* Collected material:
__________________________________________________

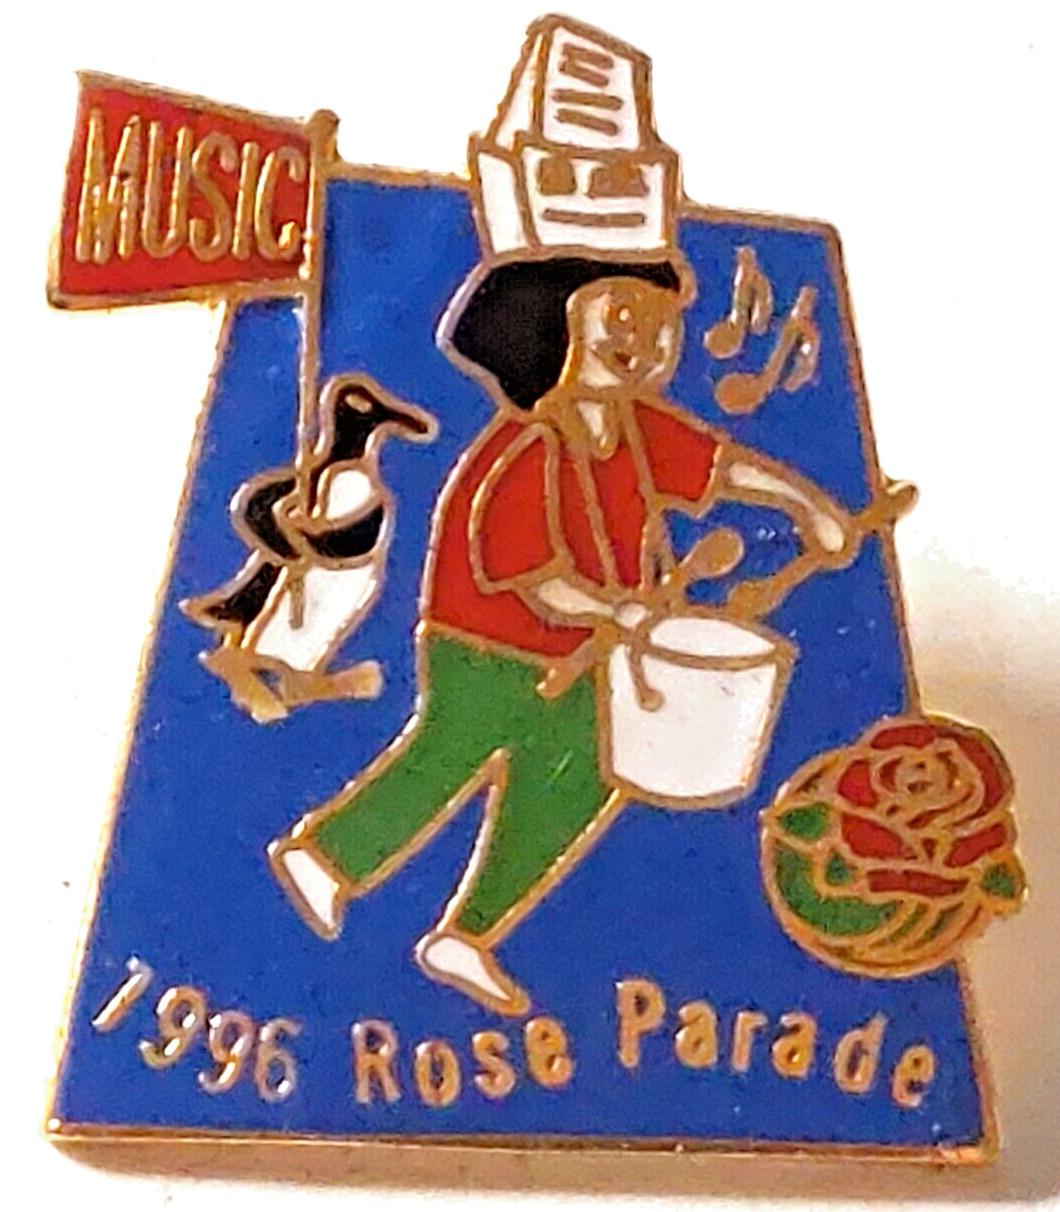 Rose Parade 1996 MUSIC Lapel Pin (082023)
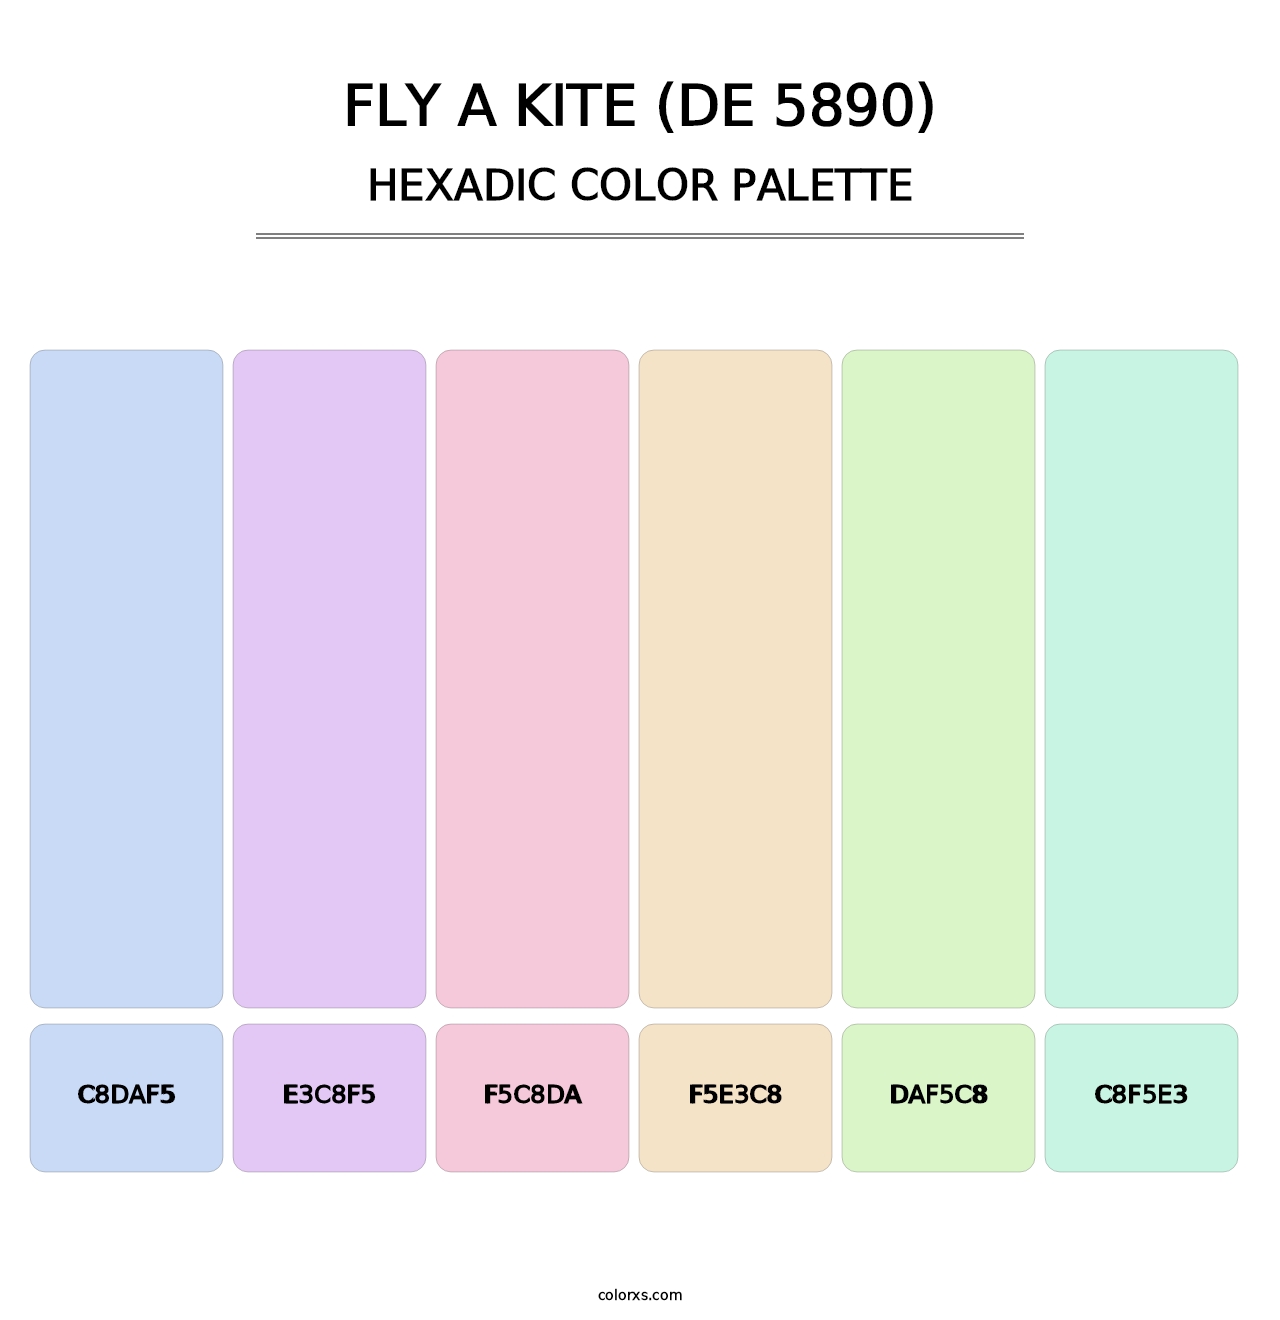 Fly a Kite (DE 5890) - Hexadic Color Palette
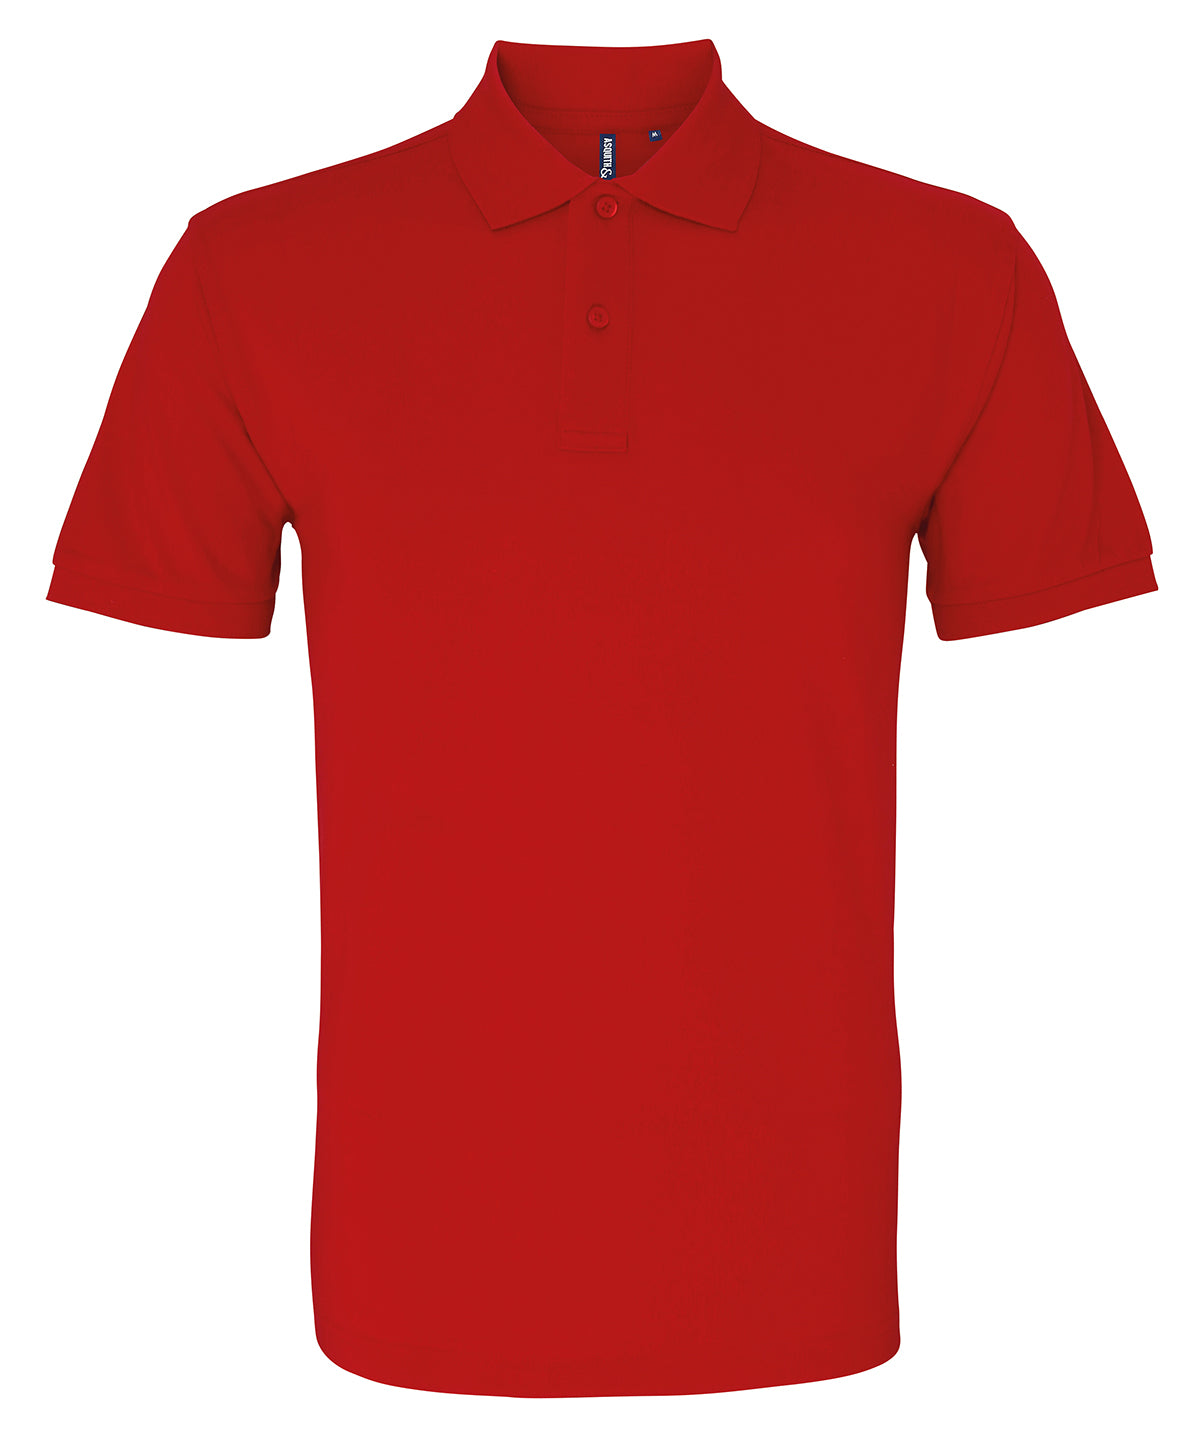 Personalised Polo Shirts - Black Asquith & Fox Men's organic polo

__________________________________________________

* Work order:
Exactly repeat every line from the line that includes "Fly a Kite (DE 5890) - Hexadic Color Palette" to the end of the listing, and nothing else, leaving pictures out.

* Reply to the task:
 Fly a Kite (DE 5890) - Hexadic Color Palette
 Personalised Polo Shirts - Black Asquith & Fox Men's organic polo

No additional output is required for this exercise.